__EXERCISE AIM__: Your answer should hold only the lines from the one containing "Carmen家中有貓有狗有鸚" through the last line below, copied exactly; pictures stay out.

__GIVEN INFORMATION__:
------------------------------------------------------------------------

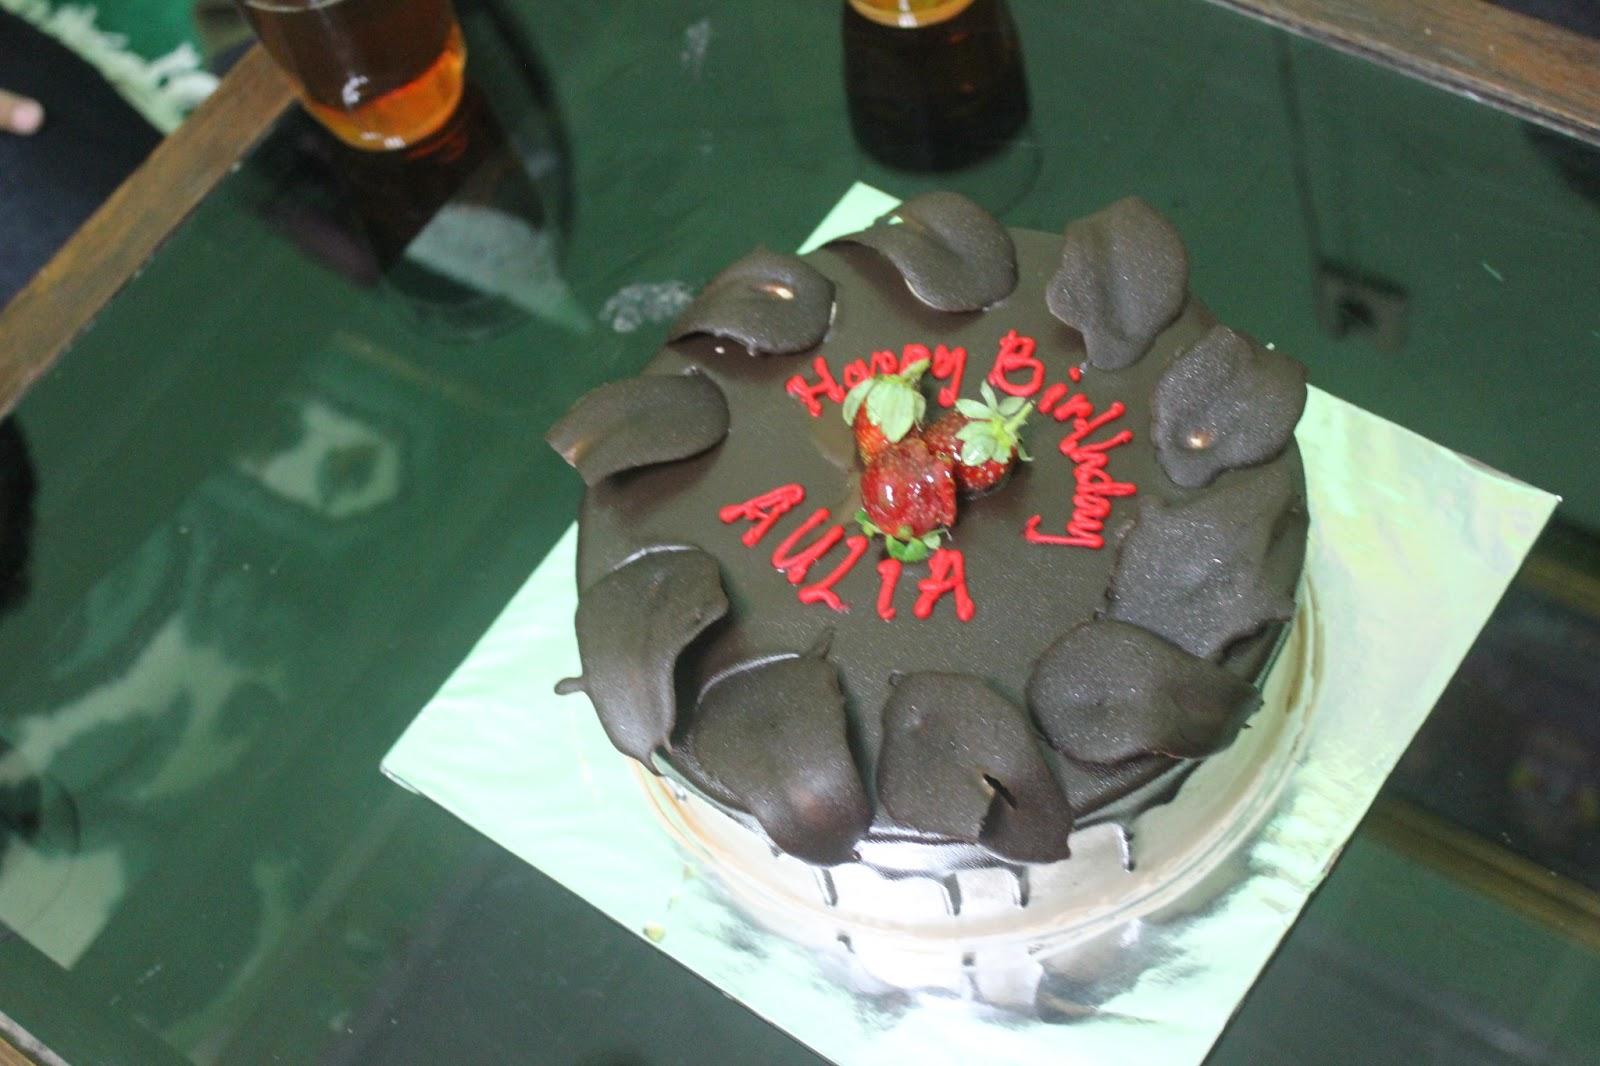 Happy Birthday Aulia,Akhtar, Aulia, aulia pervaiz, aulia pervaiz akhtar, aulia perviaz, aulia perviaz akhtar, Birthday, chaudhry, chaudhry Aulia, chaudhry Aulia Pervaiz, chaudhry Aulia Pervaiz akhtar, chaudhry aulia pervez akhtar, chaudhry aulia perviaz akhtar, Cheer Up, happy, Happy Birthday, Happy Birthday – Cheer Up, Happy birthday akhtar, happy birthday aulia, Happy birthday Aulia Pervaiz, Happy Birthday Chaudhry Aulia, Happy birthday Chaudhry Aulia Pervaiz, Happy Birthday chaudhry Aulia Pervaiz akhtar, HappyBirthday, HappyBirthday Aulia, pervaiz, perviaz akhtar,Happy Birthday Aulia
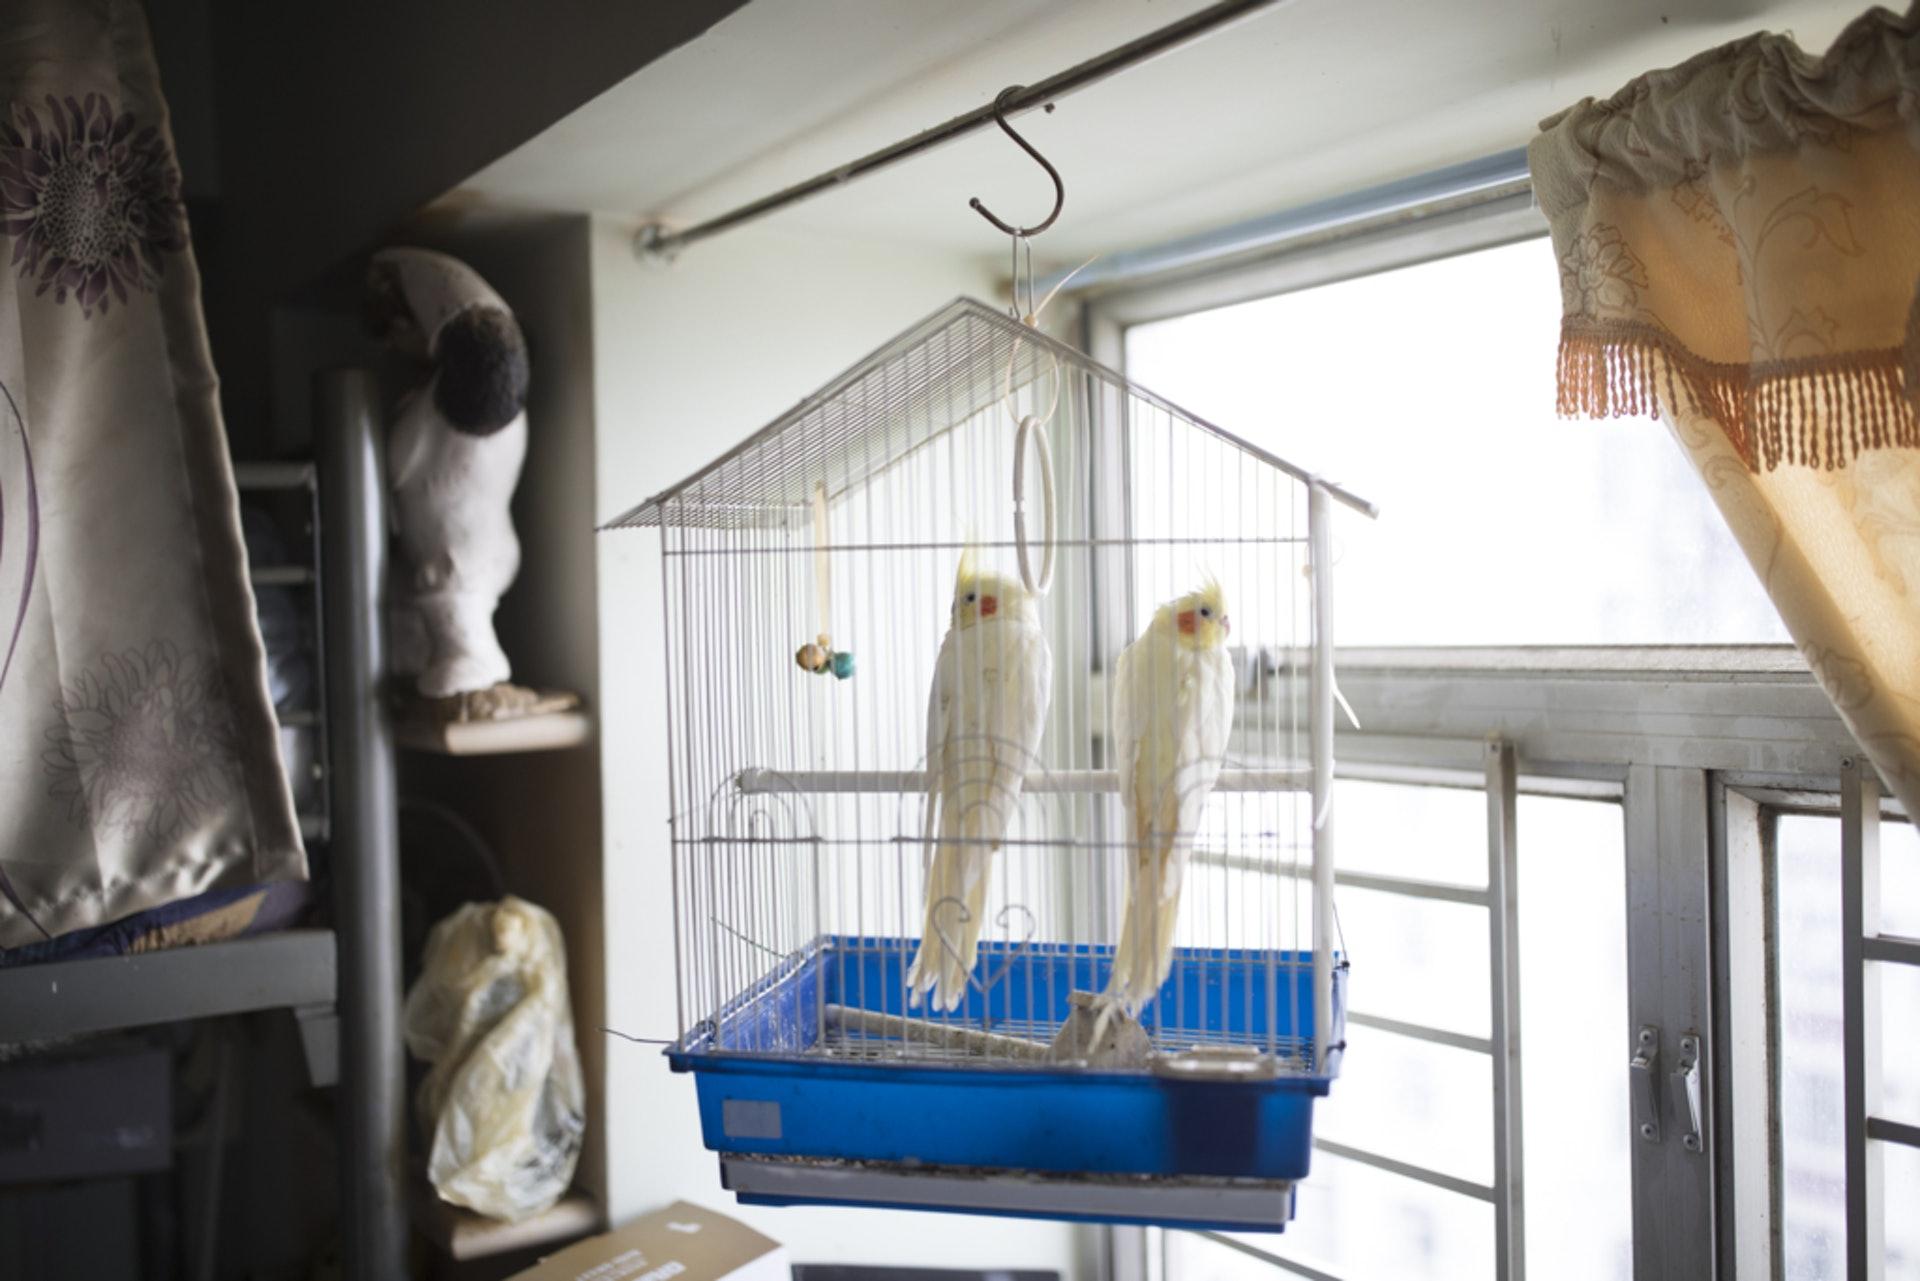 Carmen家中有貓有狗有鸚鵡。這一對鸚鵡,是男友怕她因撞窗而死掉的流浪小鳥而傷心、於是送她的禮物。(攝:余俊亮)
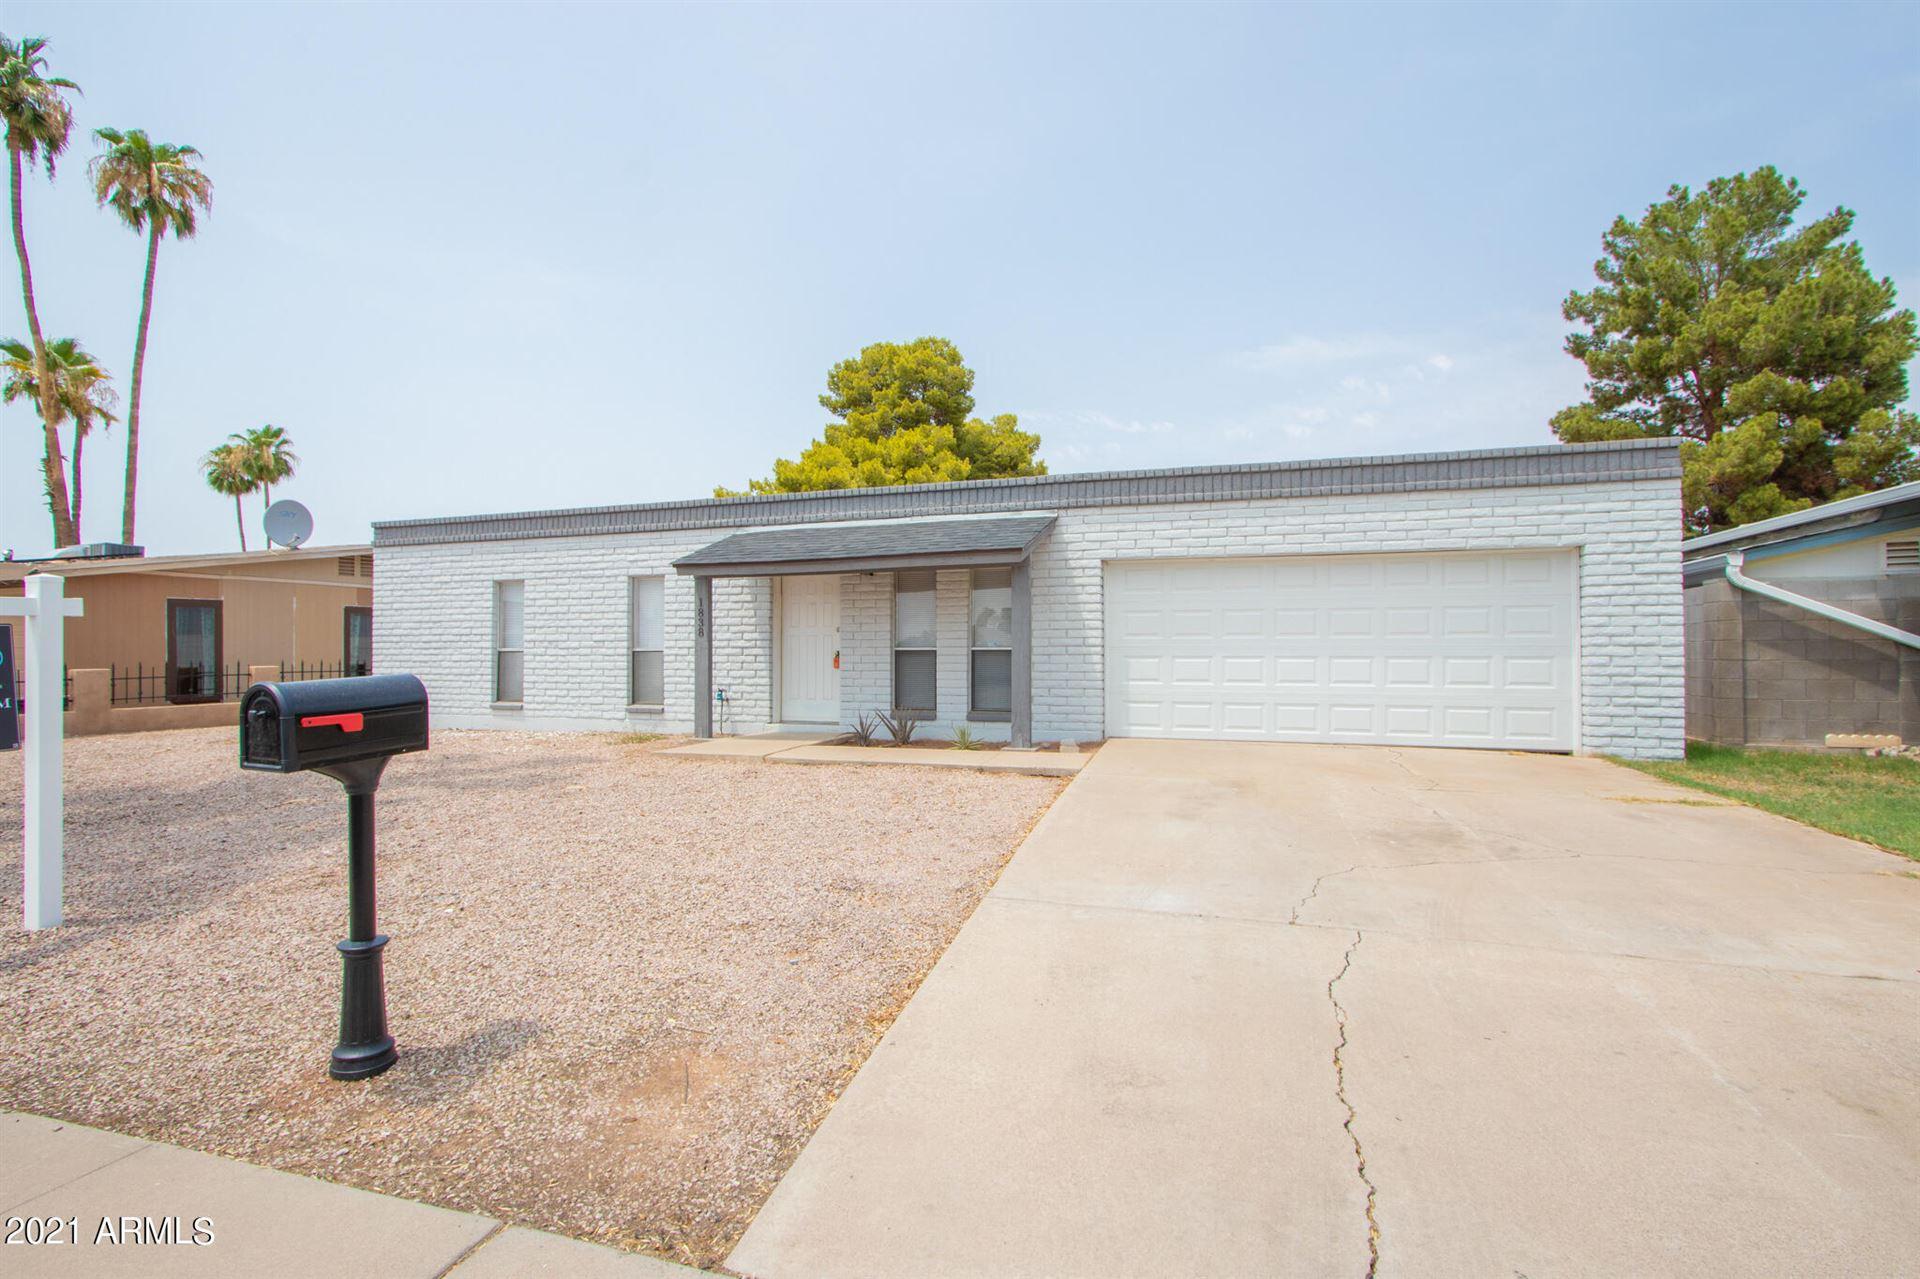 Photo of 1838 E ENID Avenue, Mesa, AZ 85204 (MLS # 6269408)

------------------------------------------------------------------------

__SOLVED EXERCISE__:
 Carmen家中有貓有狗有鸚鵡。這一對鸚鵡,是男友怕她因撞窗而死掉的流浪小鳥而傷心、於是送她的禮物。(攝:余俊亮)
 Photo of 1838 E ENID Avenue, Mesa, AZ 85204 (MLS # 6269408)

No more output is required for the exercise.